Greece and its private bondholders drew closer on Friday to a bond swap deal that would prevent the country from sinking into a chaotic default and ease the eurozone's debilitating debt crisis. A positive outcome to the talks is expected to boost the euro, although investors would remain wary about the risks of the region's debt crisis deteriorating further. Any negative news could see investors re-establish bearish bets.
"Even though there have been some positive comments on the Greece talks it is clear the market is scared of contagion risks," said Carl Hammer, chief currency strategist at SEB in Stockholm. Against the yen, the euro was down 0.4 percent at 99.52, off an earlier three-week high of 100.33 yen but still comfortably above an 11-year low of 97.04 yen on January 16.
Investors stacked up bets against the euro after ratings agency Standard & Poor's downgraded nine euro zone countries including France and Austria last week. Since then sentiment has improved, and some market players said the unwinding of short positions may give the euro a further lift in the near-term, pushing it through reported offers around $1.30, although further gains could be difficult.

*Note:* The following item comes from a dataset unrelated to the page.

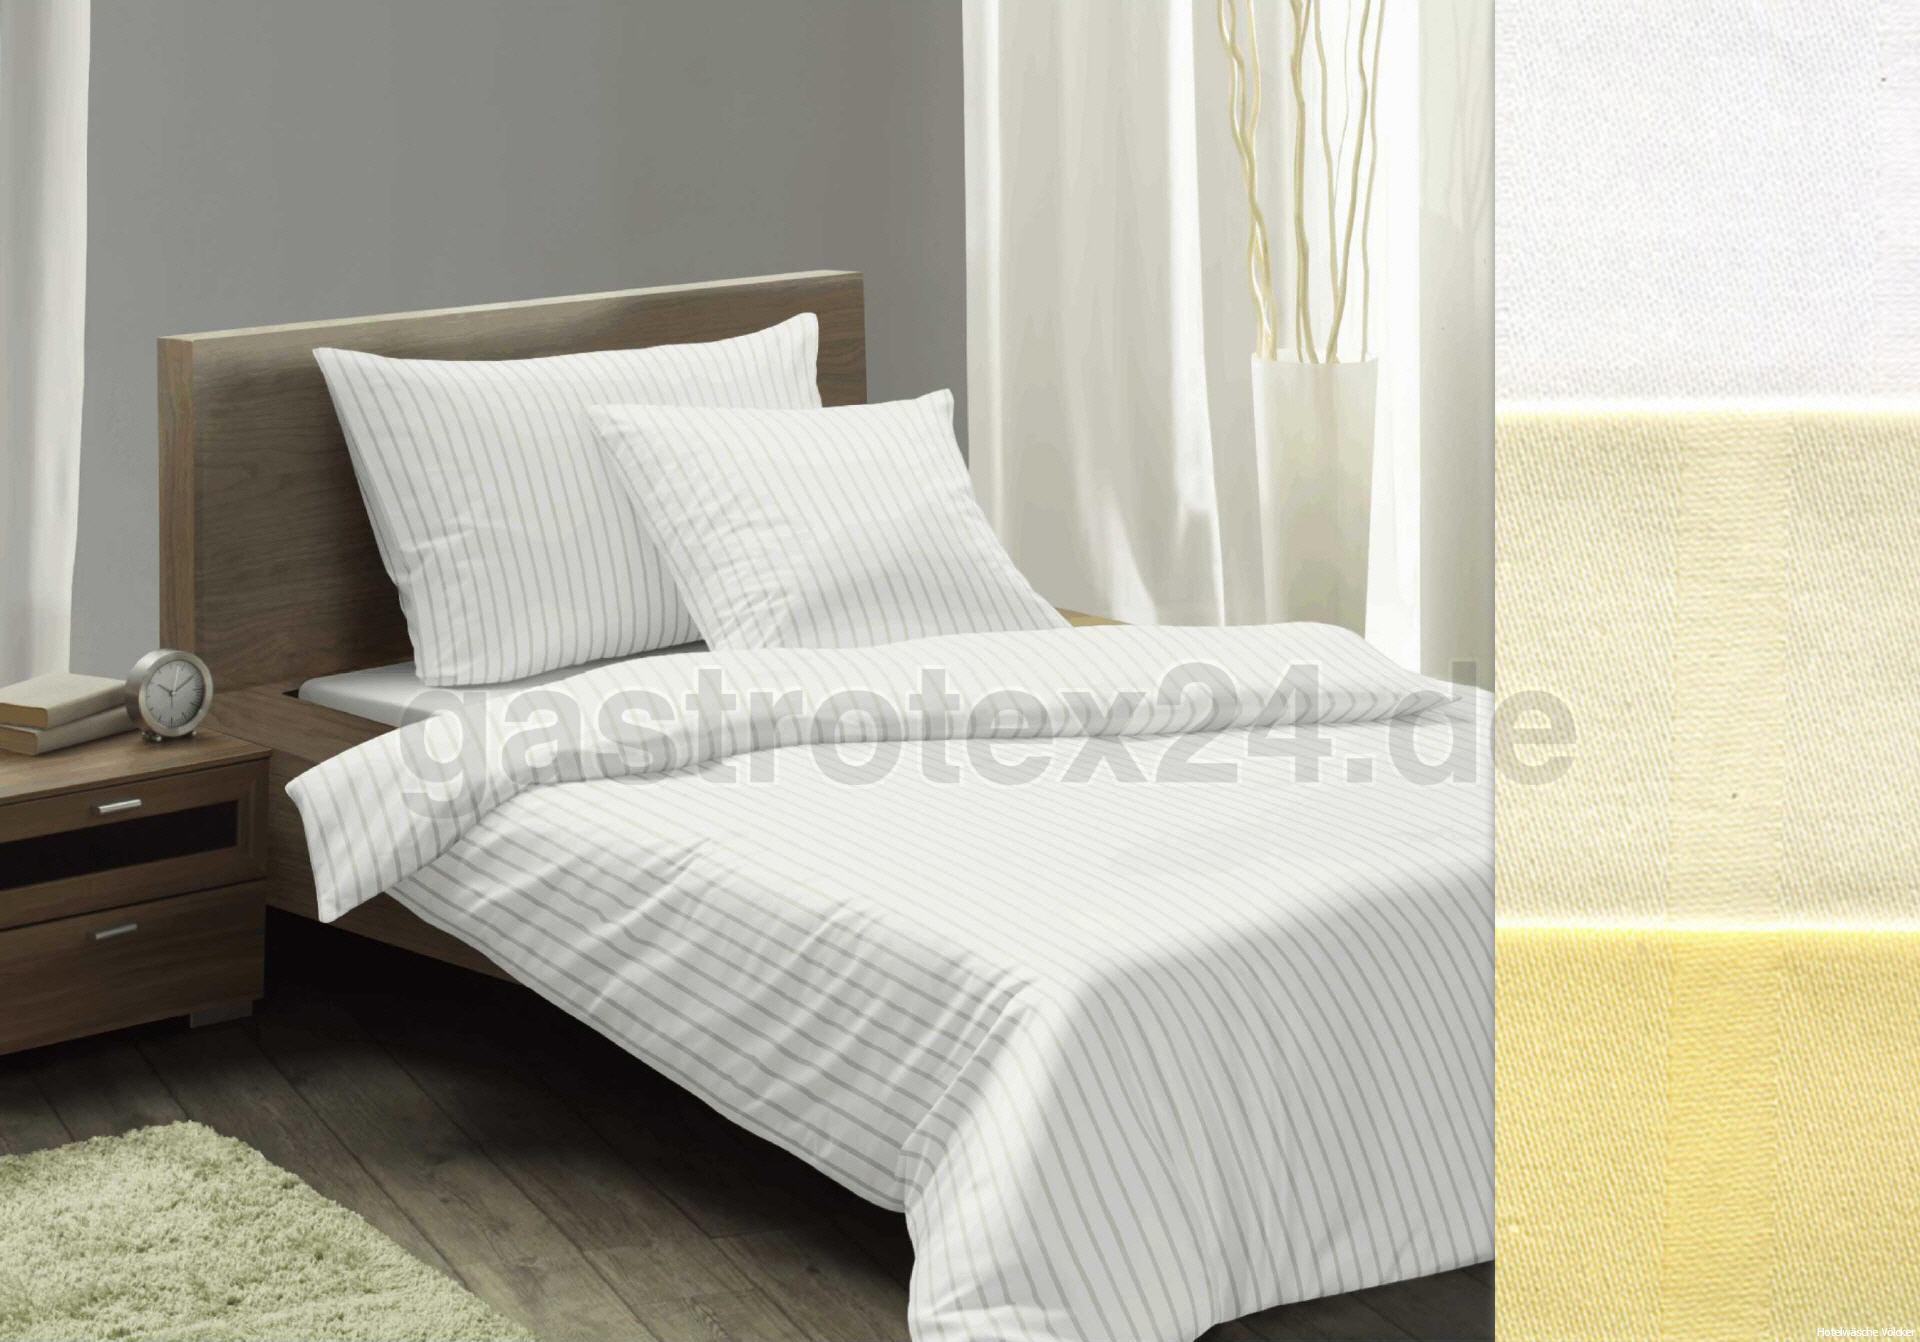 mischgewebe bettw sche wechselstreifen 6 24 mm weiss f r hotel gastronomie gastrotex ihr. Black Bedroom Furniture Sets. Home Design Ideas

The HSBC flash manufacturing purchasing managers index (PMI), the earliest indicator of China's industrial activity, stood at 48.8 in January, below the 50 level that demarcates expansion from contraction. The reading was the highest in three months, however, and was a slight improvement on the 48.7 final figure for the December index. The Australian dollar eased 0.1 percent to $1.0417, not far from an 11-week high of $1.0450 hit earlier this week. The dollar edged higher versus a basket of currencies to 80.342, moving away from a two-week low of 79.99 hit earlier in the session.